Тихо вокруг. Командир дивизии подходит к каждому бойцу, внушает, что в эту ночь они одни, в головном десанте, переправятся через Днепр, а потом, на правый берег пойдут и орудия, и танки, и «катюши», и тяжелые минометы — вся грозная масса войск. И враг не выдержит напора этой сокрушающей силы. Нет, не выдержит!

Непоколебимая уверенность, с какой говорит полковник, передается солдатам, и даже в полумраке видно, как отвагой и решимостью сверкают их глаза.

По берегу, усыпанному галькой, полковник Фесин вместе с солдатами спускается к реке. Под тенью высокой ивы стоят две рыбачьи лодки. При бледном свете тонкого серпа луны видит он фигуру человека в брезентовом плаще.

— Тот самый, что лодки привел? — спрашивает Фесин.

— Да, местный рыбак, — отвечает Шпаковский.

Фесин подошел к приземистому старику с длинными казацкими усами.

— Значит, дед Никита, обещаете провести лодки по таким местам, что сам черт не заметит высадку десанта?

— Уж это положитесь на меня, товарищ командир. В гражданскую войну Щорсу помогал.

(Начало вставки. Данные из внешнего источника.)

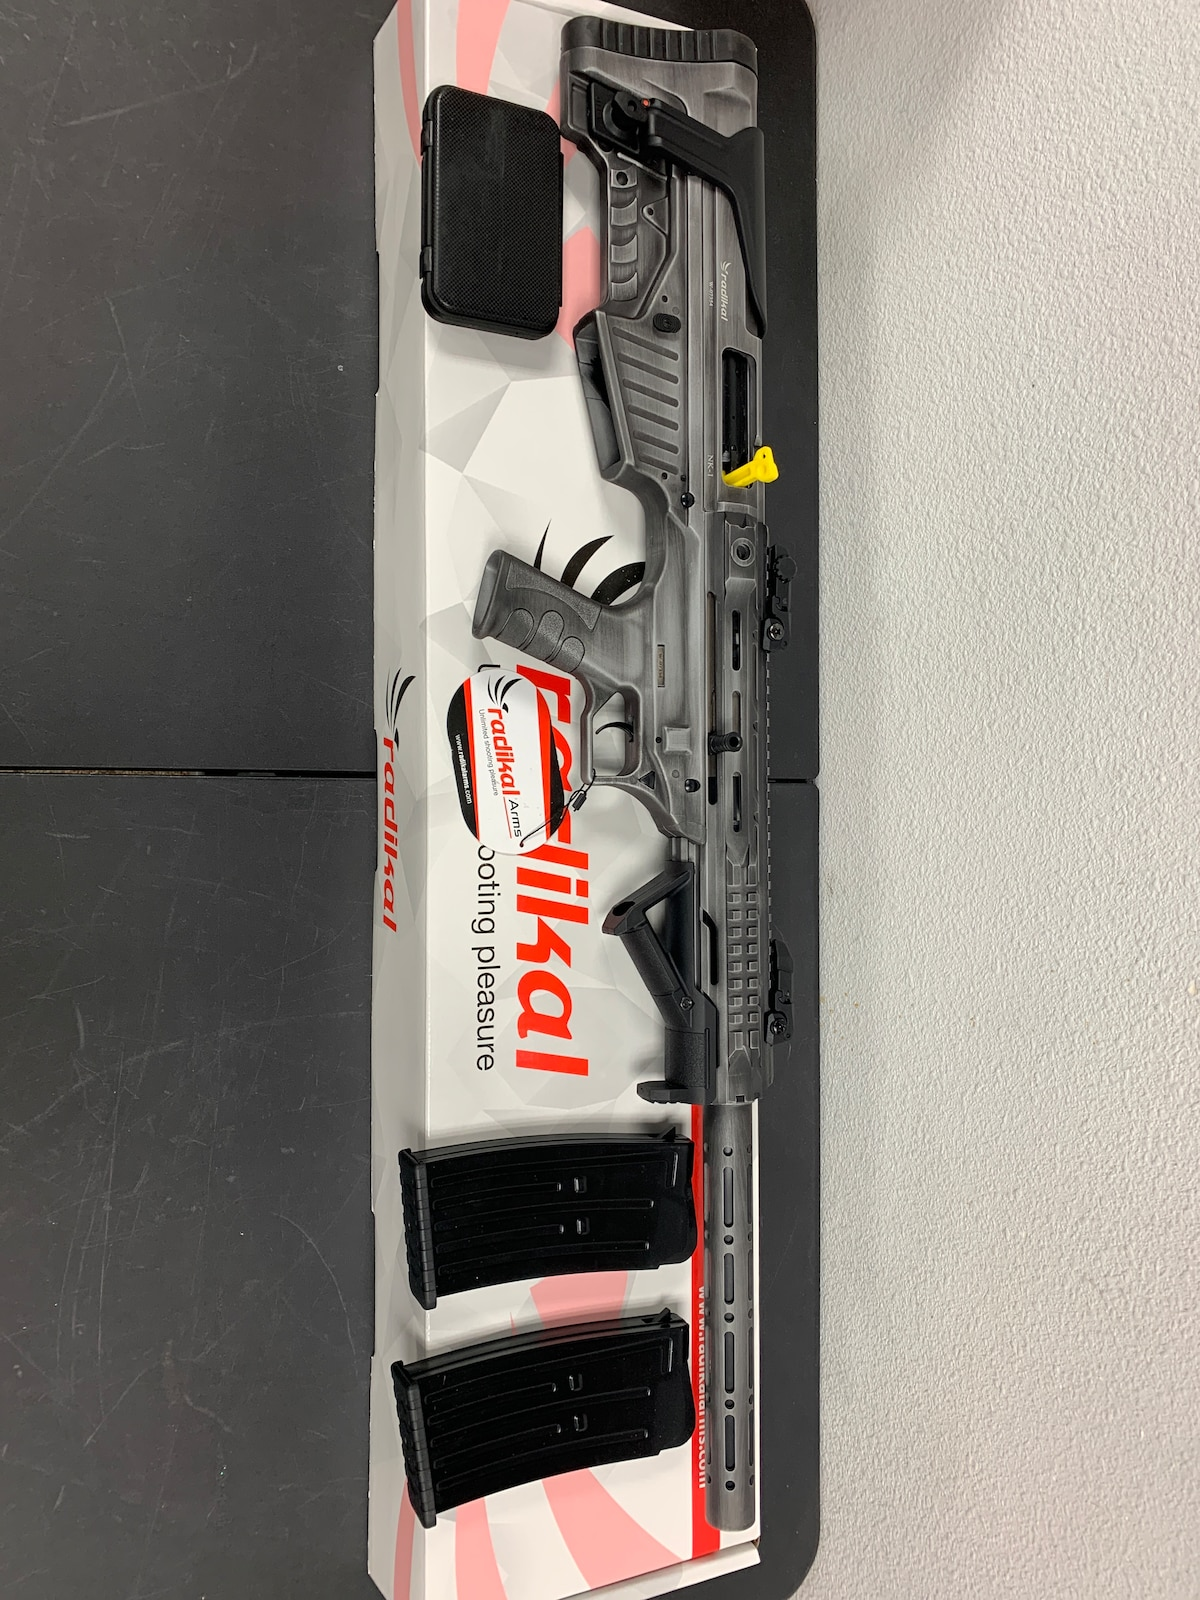 Radikal Arms NK-1 series bullpup

— Славно, славно, дед Никита.

Держась за длинные, свисшие к самой воде, ветви ивы, Фесин осторожно прыгнул в лодку. Она закачалась, и по воде поплыли зыбкие круги.

— Выдержат? — спросил он, вскинув взгляд на старика.

— Лодки-то? — переспросил Никита. — А как же, выдержат. Сам делал!

В лодках и на поплавках, связанных из прутьев очерета и гибкой лозы, лежали вещевые мешки с продуктами, автоматы и винтовки, цинки с патронами.

— У всех ли есть лопаты? Там сразу же окапываться, иначе сбросят в реку, — предупреждал Фесин.

Солдаты, слушая командира, между собой переговаривались.

— Вот душа человек… Сквозь огонь с ним ходили. А нынче пройдем и сквозь воду!

Все готово. Пора плыть.

— Погоди! — слышится в темноте чей-то голос. — Погоди. Ведра захватим.

Все оглянулись. Из кустов вылез Гасрет Алиев. Он держал в руках ведра, подобранные в нежилых хатах. В самом деле, ведра могут понадобиться, чтобы черпать воду из лодок.

Когда были подведены к берегу рыбачьи лодки и в них молча, в напряженной тишине, сели десантники, полковник Фесин сказал:

— В добрый путь! Встретимся на том берегу!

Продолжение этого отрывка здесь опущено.